Марат понял. Понял, но не дал это заметить. Мы же заметим относительно фамилии Траубенберг, что уже упоминалась в нашем рассказе. Жандармский офицер, который носил её, не придуман. Возможно, Есенин знал о нём и нашёл фамилию подходящей для поэмы. Или же мы имеем дело со случайным совпадением. Однако вернёмся к нашим героям.
Житоров, скрывая, насколько он впечатлён важностью того, что слышит, сыронизировал в притворном легкомыслии:
— Шьёшь покойнику агитацию — призыв к побегу за границу?
«Индюк ты! — мстительно подумал Юрий. — Будь я в твоей должности — анализом и дедукцией уже вывел бы, кто прикончил отряд!» Его так и тянуло явить этой помпадурствующей посредственности, как он умеет добираться до сердцевины вещей.
— Есенина хают, — сказал он, — за идеализацию старого крестьянского быта и тому подобное, но никто не сомневается, что он — патриот, что он влюблён в Русь. Так вот, этот русский народный, национальный поэт призывает массы обратиться к врагам России как к избавителям… Превозносит Азию, восхваляет монголов. Его Пугачёв упивается: «О Азия, Азия! Голубая страна … как бурливо и гордо скачут там шерстожёлтые горные реки! … Уж давно я, давно я скрывал тоску перебраться туда…»
Юрий замер, всем видом побуждая друга внутренне заостриться, обратить себя в слух:
— У Есенина Пугачёв заявляет, что необходимо влиться в чужеземные орды… — «чтоб разящими волнами их сверкающих скул стать к преддверьям России, как тень Тамерлана!» — с силой прочёл он.
Глаза Житорова ворохнулись огоньком, точно сквозняк пронёсся над гаснущими углями. Полулёжа на диване в хищной подобранности, он смотрел на приятеля с въедистым ожиданием.
Тот, как бы в беспомощности горестного недоумения, вымолвил:
— Чудовищно!
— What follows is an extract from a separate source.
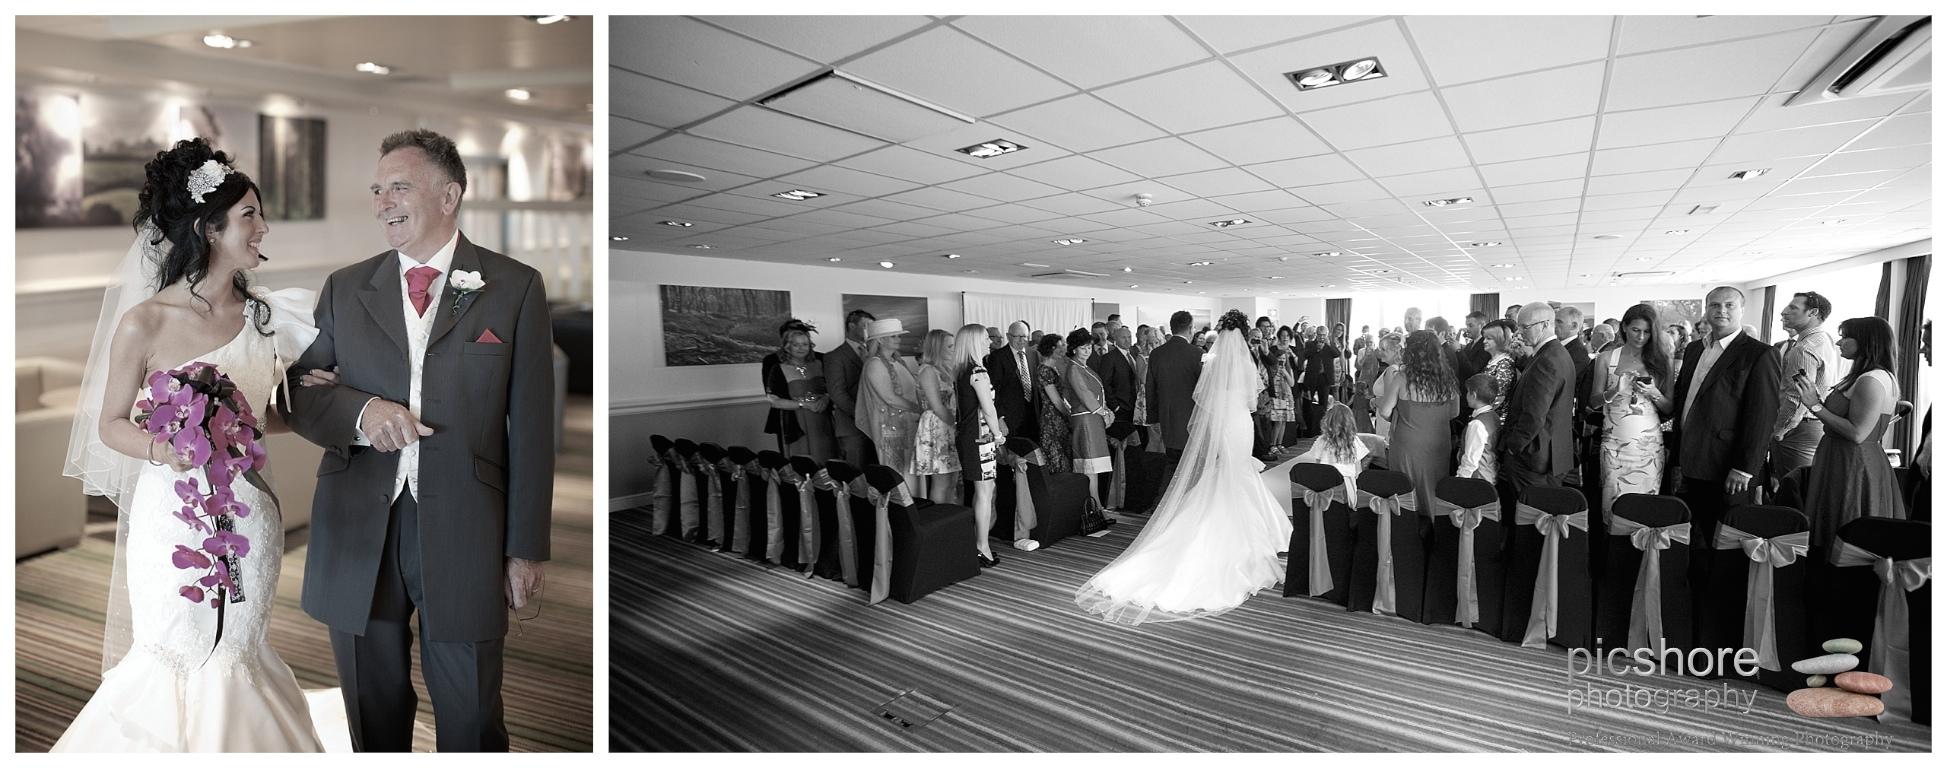 st mellion cornwall wedding picshore photography 3

Другого слова не подберёшь… Поэт, — продолжил он и насмешливо и страдающе, — поэт, который рвался целовать русские берёзки, объяснялся в любви стогам на русском поле, восторгается — мужики осчастливлены нашествием орд: «Эй ты, люд честной да весёлый … подружилась с твоими сёлами скуломордая татарва».
Гость угнетённо откинулся на спинку кресла и вновь подался вперёд с мучительным вопросом:
— А?.. Ты дальше послушай, — проговорил гневно и процитировал: «Загляжусь я по ровной голи в синью стынущие луга, не берёзовая ль то Монголия? Не кибитки ль киргиз — стога?..»
Ознакомительная версия.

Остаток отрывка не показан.